Pintores desconocidos son aquellos que no han sido muy originales o que no han proliferado mucho, o que sus obras han sido absorbidas por el tiempo y sus tendencias veleidosas. Uno de aquellos lo fue Sebastián de Llanos Valdés (1605-1677). Desarrolló toda su obra en Sevilla, donde al parecer nació. De un cierto estilo tenebrista muy correcto, estuvo a la sombra contemporánea, sin embargo, de otros autores de mayor envergadura, lo que le impidió llegar a ser más relevante en el Arte. Pero esa es una de las curiosidades del Arte: si se nace o se crea en un tiempo -fue contemporáneo de Murillo- donde otros creadores hacen lo mismo y mejor, la injusticia artística sobrevuela y el desconocimiento brilla más que la propia riqueza de sus obras y creadores. El gran Murillo (1617-1682) es sin lugar a dudas la figura fundamental de la escuela sevillana. Aquí destaco una obra no muy conocida de él. Fue un pintor al que los críticos han encorsetado demasiado en la pintura religiosa, pero él creó mucho más que eso. Gran parte de su creación artística no religiosa se encuentra fuera de España, seleccionada entonces -por manos poco honestas- para adornar las paredes de los grandes salones o museos de Europa y América. Sin Murillo la pintura sevillana no hubiese alcanzado la importancia que tiene. Lucas Valdés (1661-1725) fue el hijo del gran pintor sevillano Valdés Leal. Es otro desconocido en el Arte. En esta muestra he preferido destacar sólo al hijo por desconocido injustamente. Casi siempre -a veces sin querer- los genios han tapado, acomplejándolos, a sus descendientes. No era muy frecuente, sin embargo, este caso entre los pintores del siglo XVII. En los años antiguos no sucedían esas odiosas comparaciones generacionales tan abundantes hoy. Supongo que porque los creadores todavía no habían llegado a creerse dioses. Pero además porque, quizás, la virtud personal era más que una palabra manida y los padres se enorgullecerían de que sus hijos pudieran hacer lo que ellos o más. Siguiendo a los desconocidos pintores, otro autor sevillano de principios del ilustrado siglo XVIII: Bernardo Lorente Germán (1680-1759). En el año 1730, durante su período más creativo, retrata al tercer hijo varón del rey español Felipe V. Este pintor fue seguidor de la escuela de Murillo, pero, sin embargo, pronto se dejaría seducir por las nuevas formas de plasmar Arte en ese siglo XVIII, algo que cambiaría absolutamente todo lo anterior.

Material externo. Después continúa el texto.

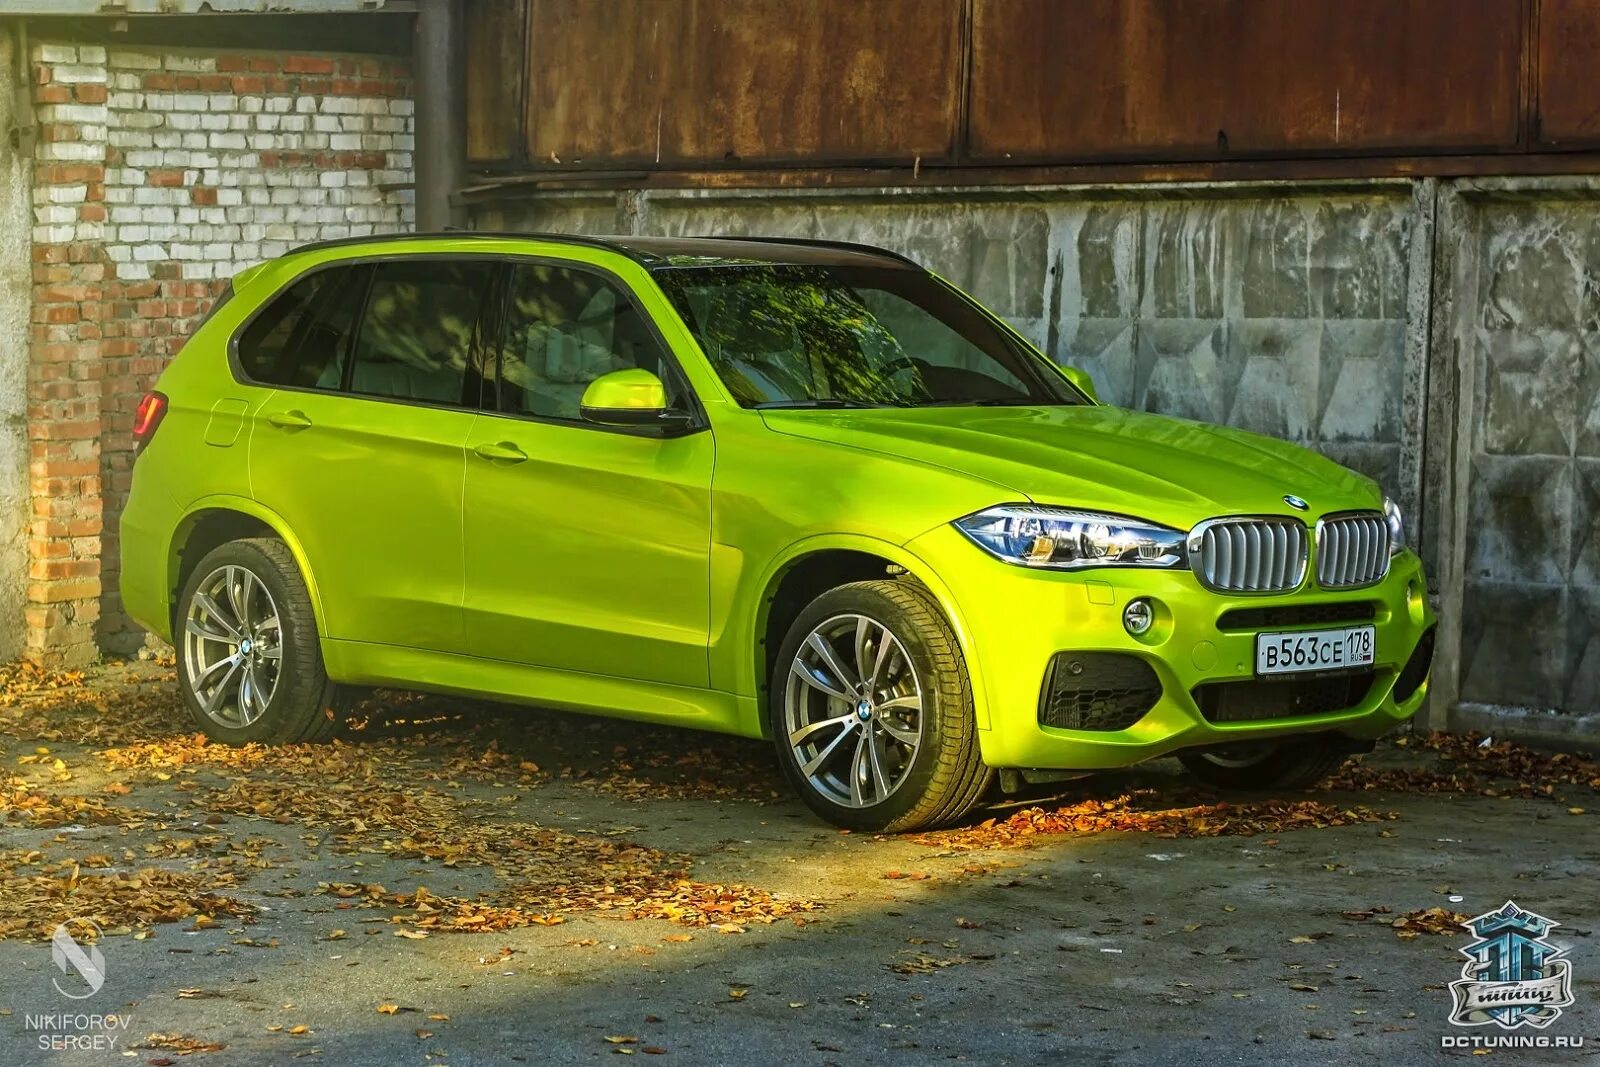 Bmw x5 цвета. Зеленая БМВ x5. БМВ x5 f15 зеленый. БМВ Икс 5 зеленая. BMW x5 g05 зеленый.

Otro pintor sevillano del siglo de las Luces es Domingo Martínez (1688-1749). Fue un creador más fiel, sin embargo, al barroco final español, entonces muy significativo aún en España, primera mitad del siglo XVIII. Grandes obras pintaría Martínez que realzarían la magnificencia de un pueblo -el español- dado excesivamente al lujo o al recargamiento o al adorno barroquiano dorado y poderoso. Este fue el período histórico-artístico de la vuelta al esplendor imperial hispano perdido un siglo antes. Ahora se buscaba mostrar un nuevo poderío imperial, político y militar que el longevo y decidido rey Felipe V trajese de nuevo al anciano imperio español. Pasamos ya al siguiente siglo donde más pintores sevillanos posiblemente haya dado el Arte: el siglo XIX. Para España y Sevilla fue un siglo artístico prolífico, creativo y original, pero también muy desconocido. Empezamos con el pintor sevillano Antonio María de Esquivel (1806-1857). Aunque sometido al influjo romántico europeo de su época, tuvo en Murillo a su maestro más inspirador del que se valió para expresarlo en sus obras románticas. A pesar de iniciar su actividad en Sevilla acabaría sus días en Madrid donde conseguiría dar a conocer más su obra. Fue un extraordinario pintor que supo combinar la fuerza del Romanticismo europeo, muy poderoso entonces, con las sutiles técnicas antiguas de su querida escuela natal. Luego vemos pintores de este mismo siglo XIX que trataron de reflejar el paisaje en el lienzo, aunque cada uno con la tendencia propia de su momento artístico. Creadores que expresaron la tendencia impresionista con los rasgos de la escuela sevillana de sus insignes maestros. Aquí se muestran obras del siglo XIX sevillano con pintores desconocidos algunos y conocidos otros. Como Manuel Barrón y Carrillo (1814-1884), gran paisajista romántico andaluz. Como José Jiménez Aranda (1837-1903), de familia de pintores ilustres,  influido por tendencias ajenas más que por las autóctonas de sus contemporáneos andaluces. Sin embargo supo equilibrar la técnica europea con la fuerza andaluza de sus ancestros. Le sigue José García Ramos (1852-1912), un creador propiamente regional en su estilo. Con él se inicia una forma local y costumbrista de pintar lo andaluz, lo sevillano, una pintura propia de la época regionalista y sus costumbres locales.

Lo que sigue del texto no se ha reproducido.